Now comes the calculation. A good place to start when thinking about conditional probability is the ratio formula for the probability of a condititional event:

\(P(B|A) = \frac{P(A \& B) }{P(A)}\)

Take an interpretation of “If it is raining, then I have an umbrella” as the conditional event expression:

I have an umbrella | it is raining

The probability of this is the probability that I have an umbrella *and *it is raining, divided by the probability that it is raining.

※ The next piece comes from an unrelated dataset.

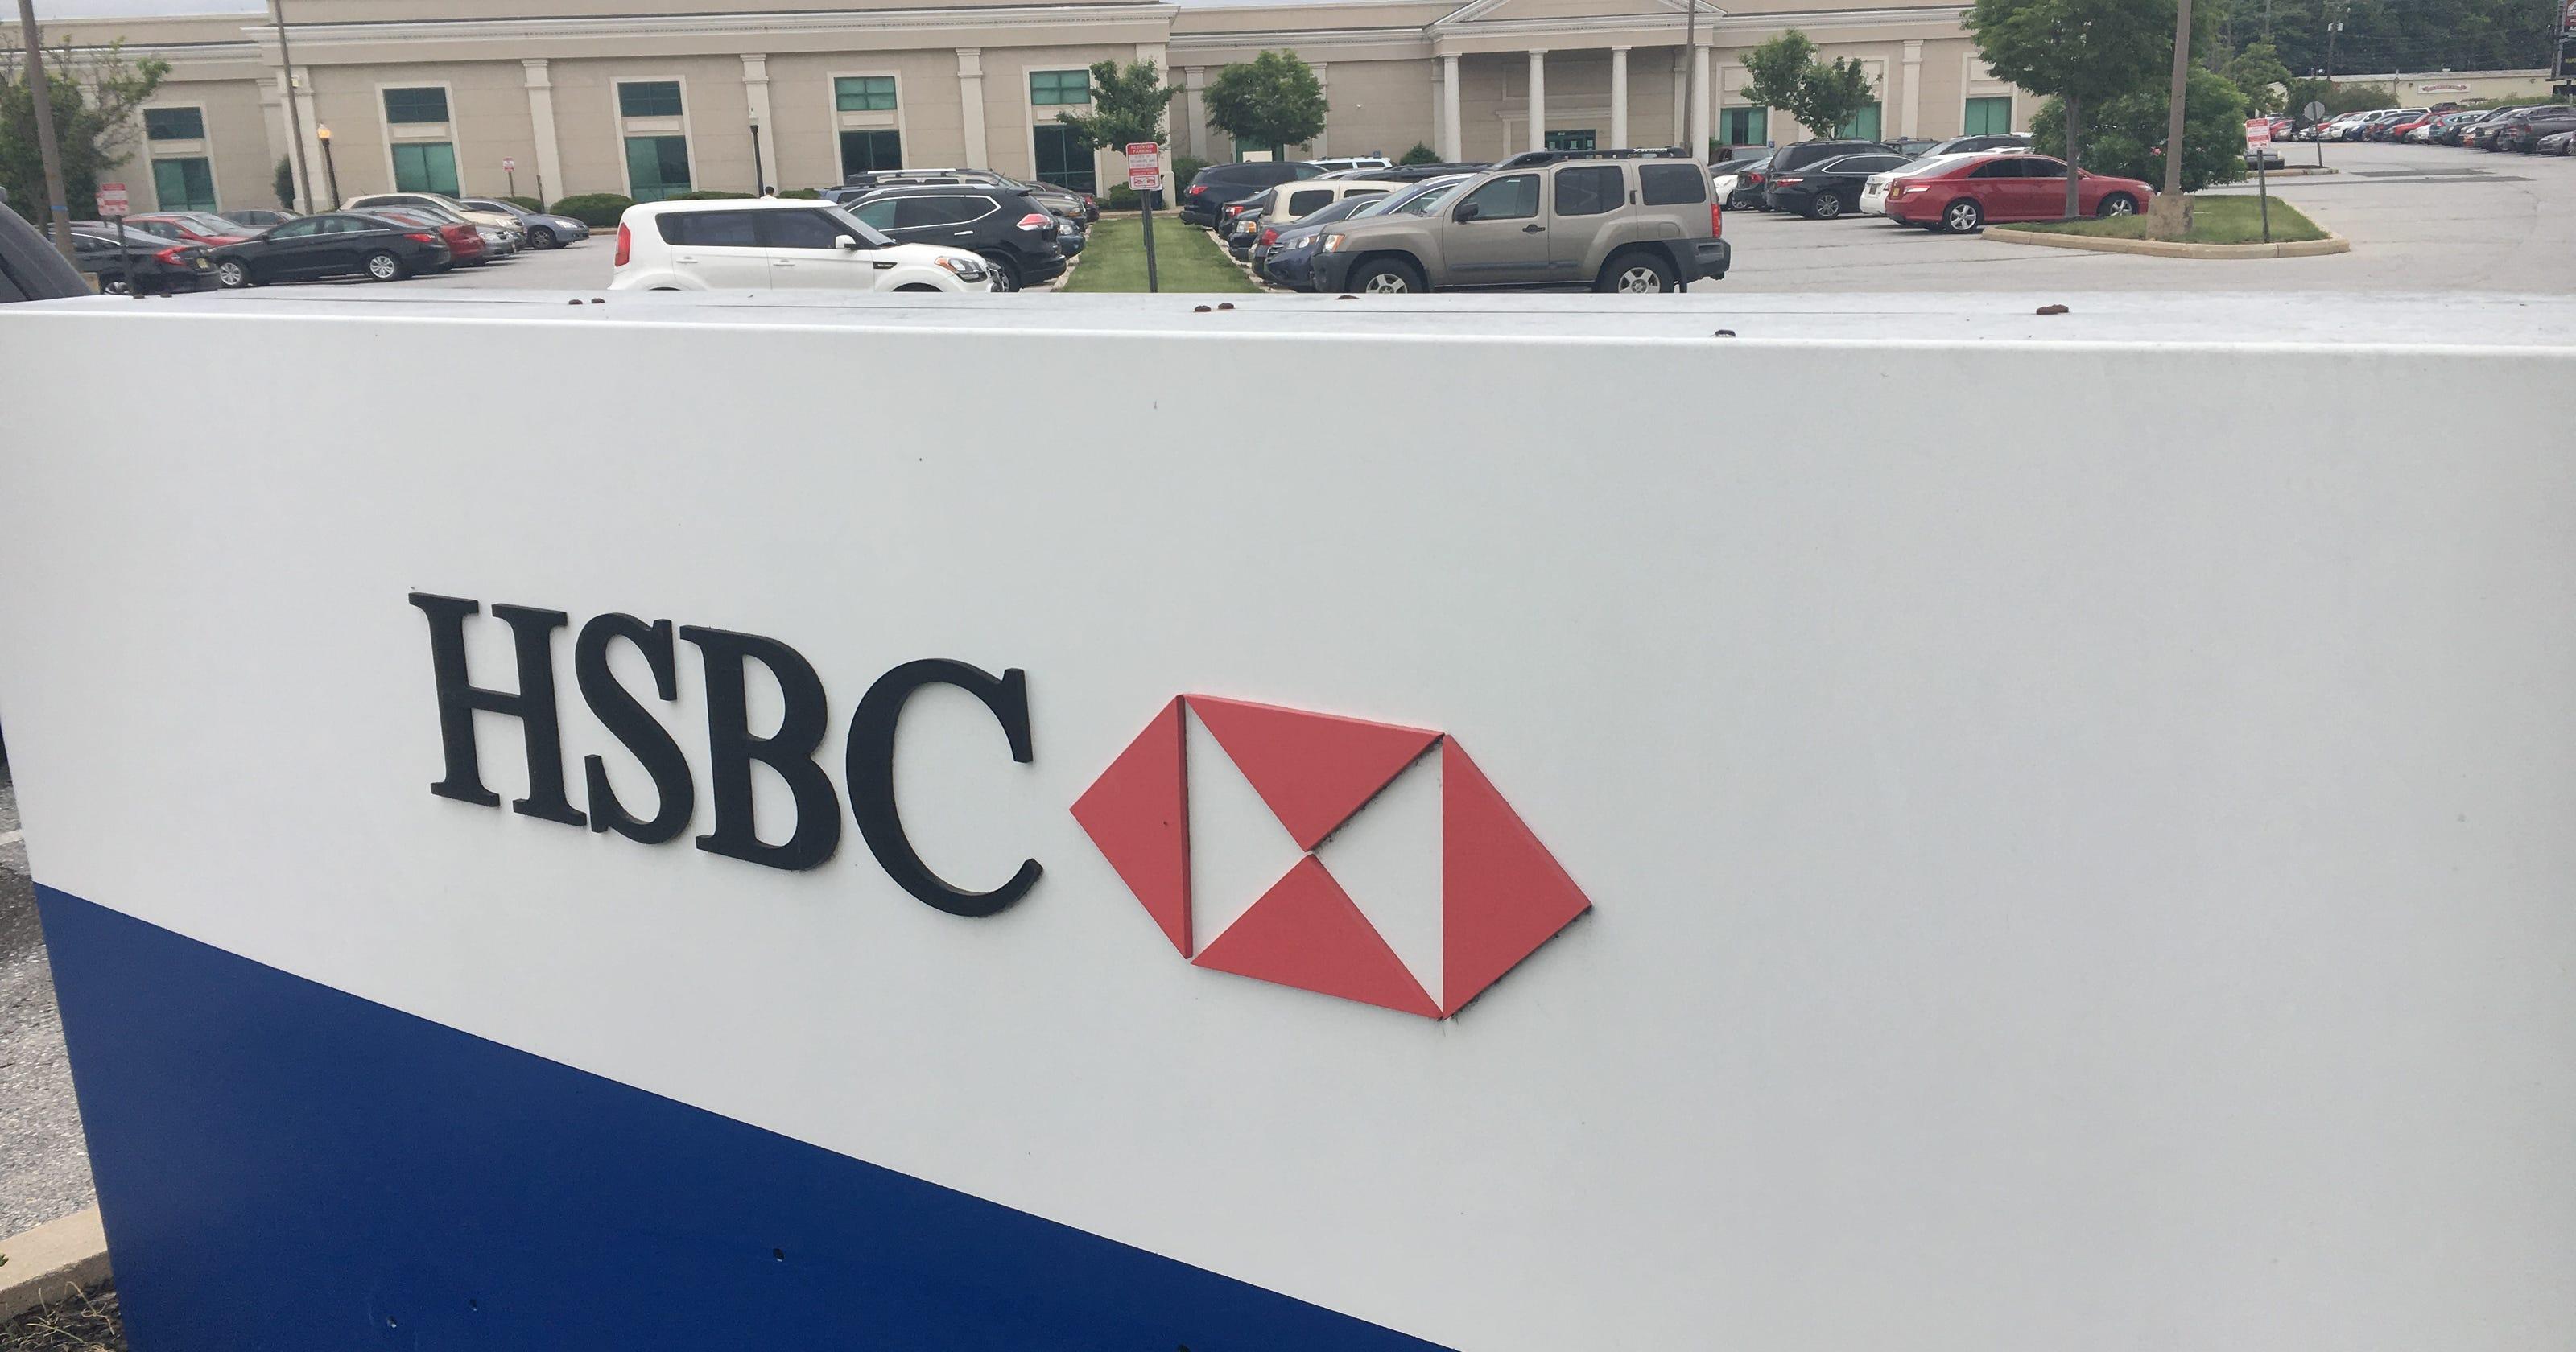 HSBC to close New Castle center, move 450 jobs

This can easily be rewritten to

\(P(A \& B) = P(B|A) P(A)\)

So if you know the probability of rain, and the probability that I have an umbrella when it rains, then you can multiply them to infer the probability that it is raining and I have an umbrella.

One step towards Bayes’ rule begins with:

- \(P(B|A) = P(A \& B) / P(A)\)
- \(P(A|B) = P(A \& B) / P(B)\) [\(A \& B = B \& A\) in (this) probability theory, so it does not matter what order you write them]

From 2 we can infer \(P(A \& B) = P(A|B)P(B)\), which slots into 1 to give

\(P(B|A) = \frac{P(A|B) P(B)}{P(A)}\)

Now use the same variables as in the original problem

\(P(C|T) = \frac{P(T|C) P(C)}{P(T)}\)

We can already fill in the numerator (top row) with \(P(T|C) = .8\) and \(P(C) = .01\), but not yet the denominator (bottom row).

Let’s work a bit further then. We can infer \(P(T)\) as follows:

\(P(T) = P(T \& C) + P(T \& \neg C)\)

Which is easily calculated from the rewrite of the conditional probability above:

\(P(T) = P(T|C) P(C) + P(T|\neg C) P(\neg C)\)

One more thing: \(P(\neg A) = 1 – P(A)\). So this gives:

\(P(T) = P(T|C) P(C) + P(T|\neg C) P(\neg C)\)

\(= .8 \times .01 + .096 \times (1 – .01) = .10304\)

Now we have everything we need:

\(P(C|T) = \frac{.8 \times .01}{.10304} = .078\).